Mustafa’nın tek erkek çocuk olması ve aile yükünü omuzlaması.
Maddi zorluklarla karşılaşmak.
Ailenin baskıları ve “mantık evliliği” düşüncesi.
Bu kaygılar çok gerçekçi; çünkü evlilik sadece iki kişinin sevgisi değil, aynı zamanda bir hayat ortaklığıdır. Maddi ve sosyal yükler ilişkiye doğrudan etki edebilir.
Ailenden gelen “iyi insanlarla tanış, şans ver” baskısı seni zorlayabilir. Ancak kendine şu soruyu sor: “Ben kalbim istemeden, sırf ailemin istediği için bir evlilik yaparsam, bu evlilik beni mutlu eder mi?” Mantık evliliği yapmak kısa vadede aile baskısını hafifletebilir ama uzun vadede kalbinin sesini susturmak seni daha çok yıpratabilir.
Sen şunu çok net biliyorsun: Mustafa seni seviyor ve sen de onu çok seviyorsun. Ama ilişkiniz uzun mesafeli olduğu için bu sevgi hep bir sınavdan geçiyor. Bu noktada önemli olan, sevginizin günlük hayattaki zorluklara dayanıp dayanamayacağıdır. Çünkü iki gün birlikte olmak çok güzeldi; ama asıl mesele uzun vadede birlikteyken nasıl bir hayat kurabileceğiniz.

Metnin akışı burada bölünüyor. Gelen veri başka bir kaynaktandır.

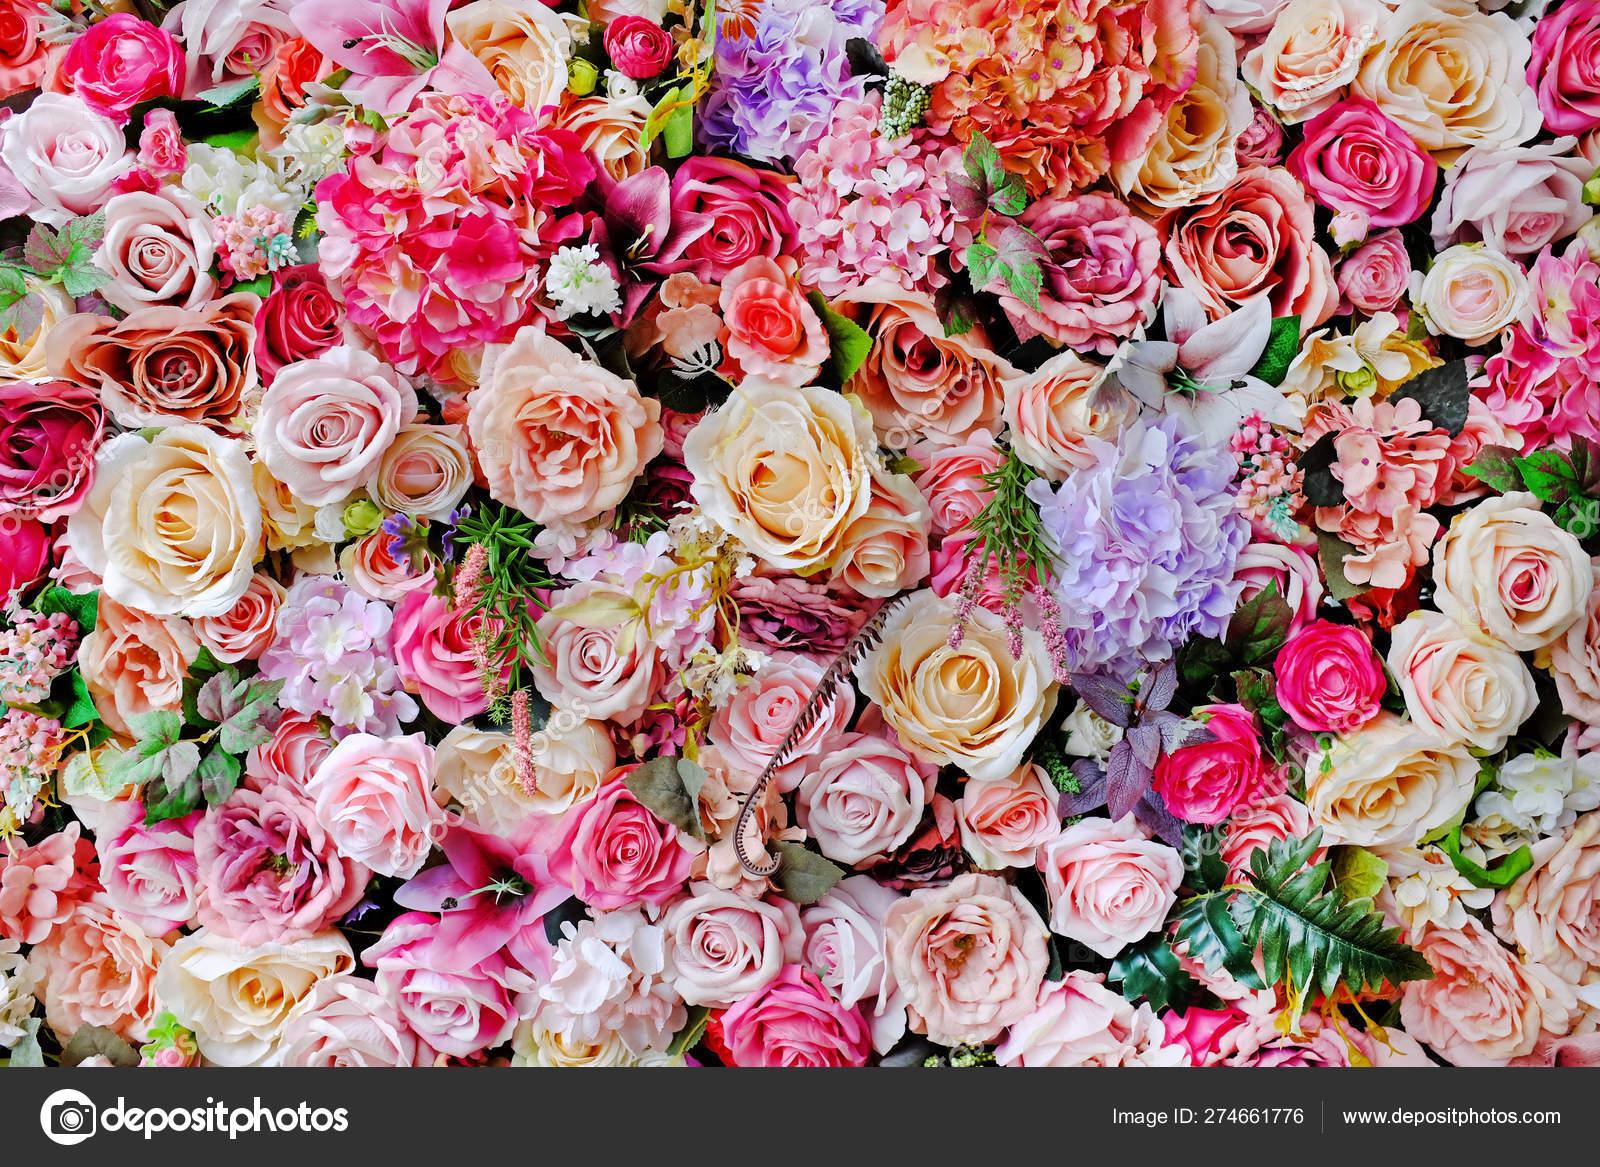 Beautiful Colors Plastic Rose Lilly Flower Bouquet Different Flowers Decorative Stock Photo C Civic Dm Hotmail Com 274661776

Şu an çok yoğun duygular yaşıyorsun. Bu yoğunluk içinde “hemen karar vermeliyim” gibi düşünmek seni daha da çaresiz hissettiriyor. Unutma, önemli kararlar aceleyle değil, sakin düşünülerek alınır. Kendine düşünmek için zaman ver.
Ona hem hislerini hem de korkularını şeffafça anlatabilirsin. “Seni çok seviyorum ama evlilik ve maddi zorluklar beni korkutuyor” demek senin hakkın. Böylece bu sorumlulukları nasıl birlikte taşıyabileceğinizi konuşabilirsiniz.

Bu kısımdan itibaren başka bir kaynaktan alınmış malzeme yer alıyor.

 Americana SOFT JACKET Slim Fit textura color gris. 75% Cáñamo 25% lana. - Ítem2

Annenle ya da ailenle konuşmak gözünü korkutabilir. Ama onları ikna etmenin yolu, bu ilişkiye ne kadar ciddi baktığını göstermekten geçer. Direkt evlilikten bahsetmek yerine “Hayatımda biri var, beni çok mutlu ediyor, tanımanı isterim” gibi daha yumuşak bir giriş yapabilirsin.
“Maddi olarak güçlü insanlarla tanışabilirim ama Mustafa’dan daha fazla kimse beni sevemez” diyorsun. Bu aslında içindeki ikilemi gösteriyor: güvenli bir hayat mı, yoksa sevgi dolu bir hayat mı? Burada şunu unutmaman önemli: Maddi koşullar değişebilir, iyileşebilir; ama gerçek sevgi her zaman bulunmaz.
Bu kadar yoğun kaygı ve ikilemi tek başına taşımak zor olabilir. Bir psikologla sürecini konuşmak, hem aile baskısını yönetmene hem de ilişkin konusunda daha sağlıklı karar vermene yardımcı olur.
Sen aslında çok güçlü birisin. Mustafa ile birlikte geçirdiğin kısa zaman bile sana “ben bu korkuların üstesinden gelebilirim” hissi vermiş. Bu, içindeki dayanıklılığın göstergesi. Korkularını yok sayma, ama onların seni yönetmesine de izin verme. Çünkü kalbinin istediği şeyleri ertelemek seni daha da savurur.
Sevgili danışan, şu an yaşadığın şey aslında kalbinle aklın arasındaki bir çatışma. Kalbin sana Mustafa’yı işaret ediyor, aklın ise riskleri hatırlatıyor. Bu çatışmayı çözmek için zamana, sakin düşünmeye ve açık iletişime ihtiyacın var. Sevgi tek başına yeterli olmayabilir ama güçlü bir başlangıçtır. Önemli olan bu sevgiyi gerçek hayatın koşullarıyla nasıl buluşturacağınız.
Kendine şu soruyu sorarak başlayabilirsin: “Ben korkularımı görmezden gelmeden, Mustafa ile hayatıma nasıl güvenle devam edebilirim?”
Peki senin için en büyük korku hangisi - ailenin onaylamaması mı, maddi zorluklar mı, yoksa uzak mesafenin bir gün ilişkiyi tüketmesi mi?
Umarım cevabım faydalı olmuştur. Değerlendirilmesini istediğin farklı bir soru veya aklına takılanları sorabilirsin.